# Do Warships have elevators?



## Bay7 (Nov 8, 1999)

DO warships and carriers etc have elevators or just ladders and stairways?

I know cruise ships have elevators, I was just wondering if military ships do too.

Cheers,

Mike


----------



## StarCruiser (Sep 28, 1999)

Ladders and stairways only - unless you count the elevators on carriers (for aircraft)...

Actually - they also tend to use elevators for ammo to the flight-deck and I suppose some more modern ships might have freight elevators as well...


----------



## mactrek (Mar 30, 2004)

Enterprise (CVN-65) has an elevator that runs from the O-3 level up through the island structure.

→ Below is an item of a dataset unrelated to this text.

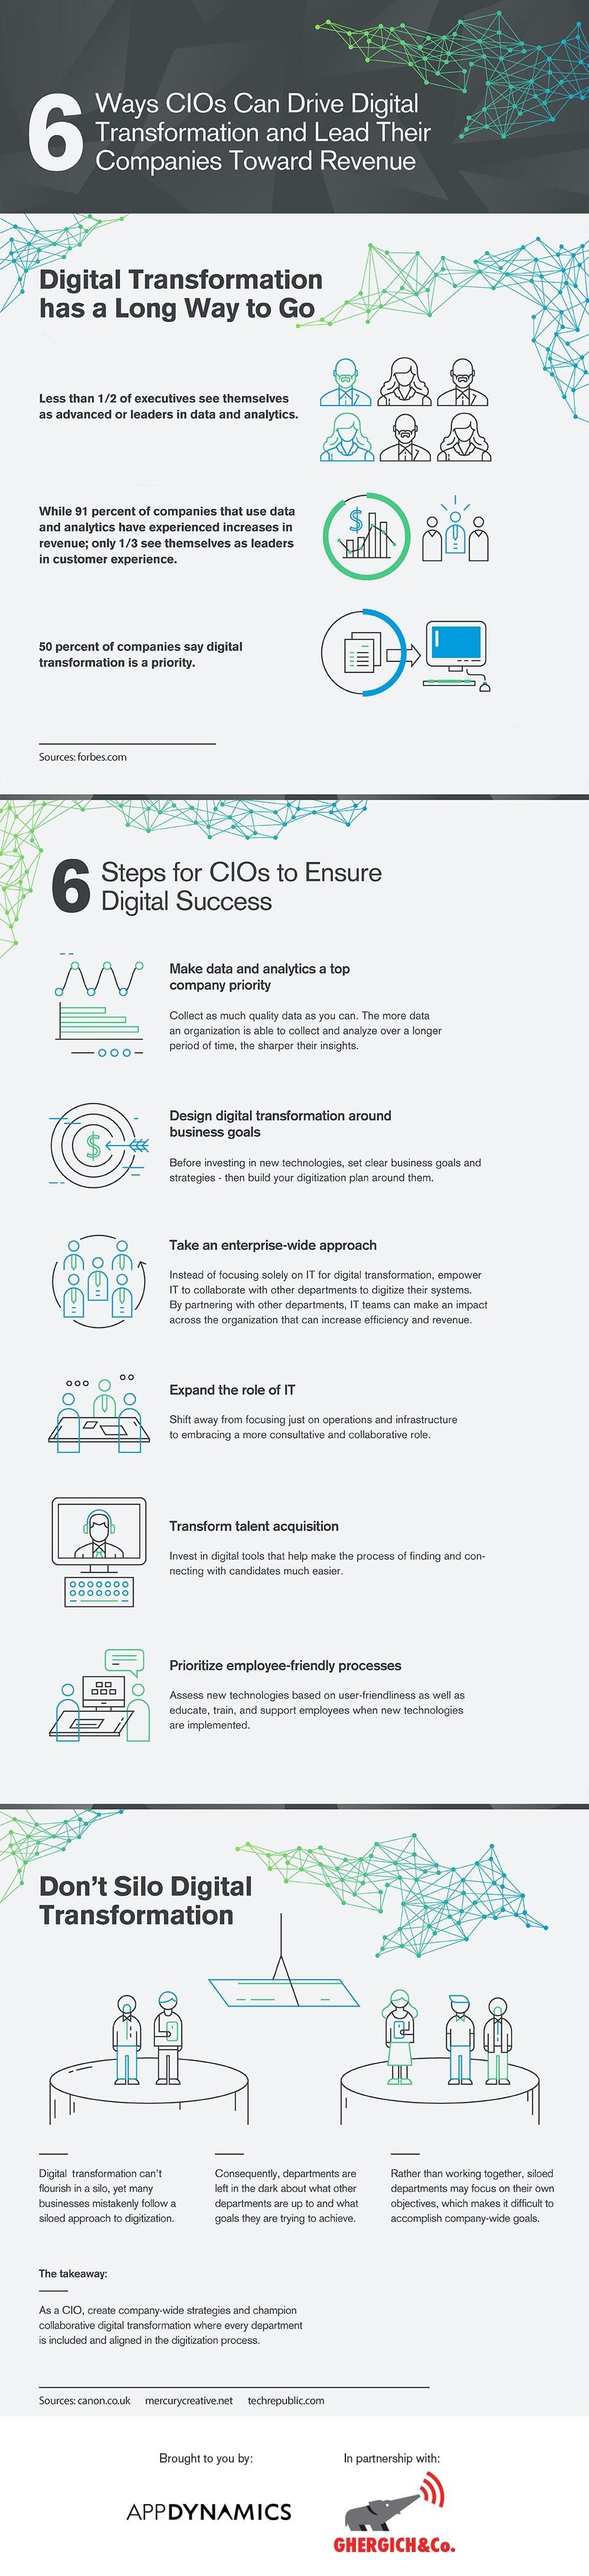 6 Ways CIOs Can Drive Digital Transformation and Lead Their Companies Toward Revenue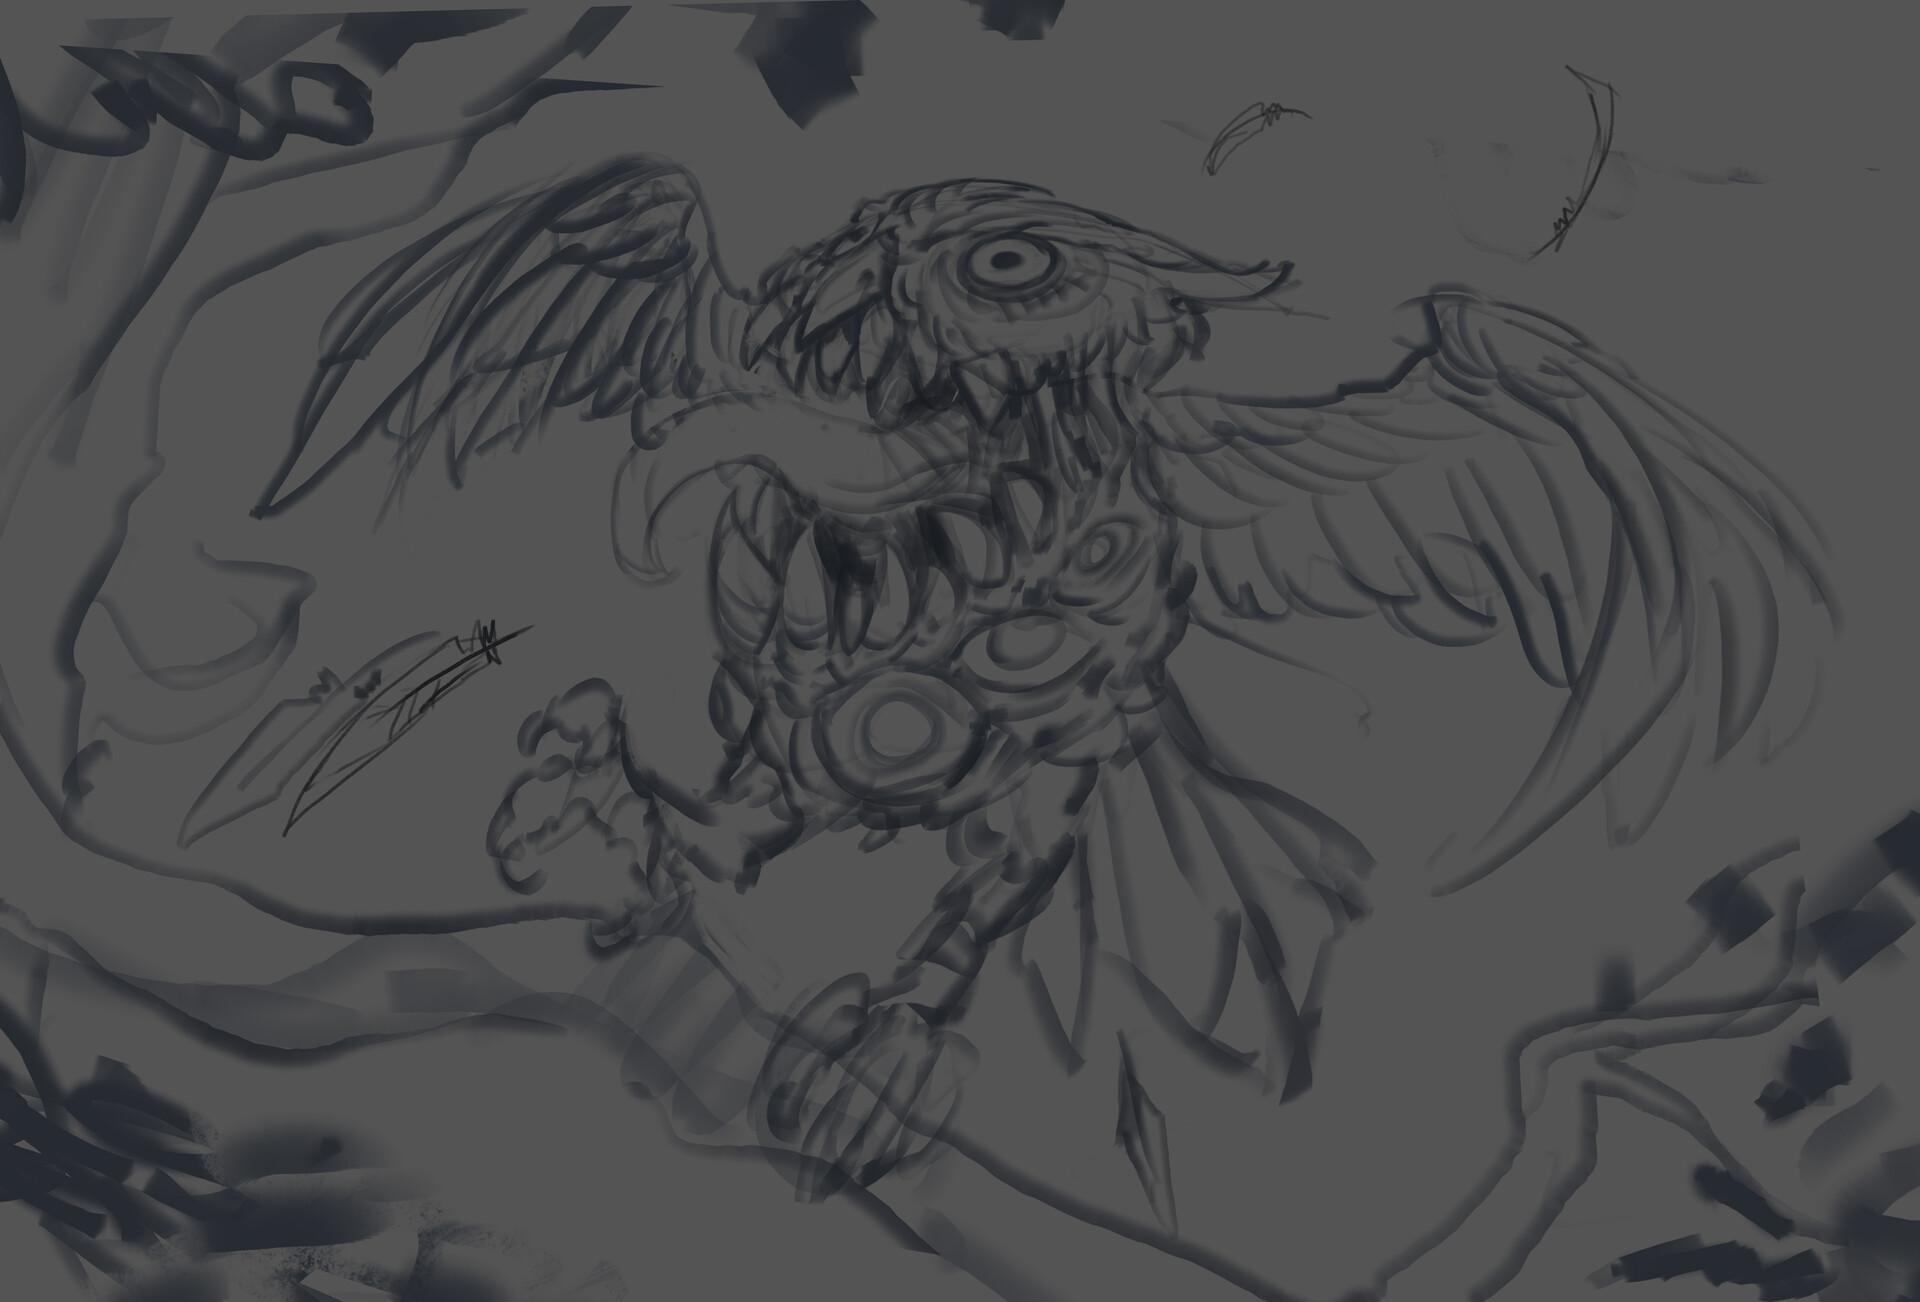 Thomas bourdon night owl sketch

I don't know if it still works ... But it's there.


----------



## StarshipClass (Aug 13, 2003)

FFGs have a central elevator for lowering supplies and parts to the pantry and to the engineering areas.


----------



## Steven Coffey (Jan 5, 2005)

The carrier USS Lexington had an escalator for the flight crew!


----------



## mb1k (May 6, 2002)

Steven Coffey said:


> The carrier USS Lexington had an escalator for the flight crew!


Came right down to sick bay's front door too. It was a nice touch.

Not counting the dumbwaiters or service elevators I think the only true elevator otherwise was on a WWII BB from what I've heard. But what do I know, I was just in the Navy for 10 years.


----------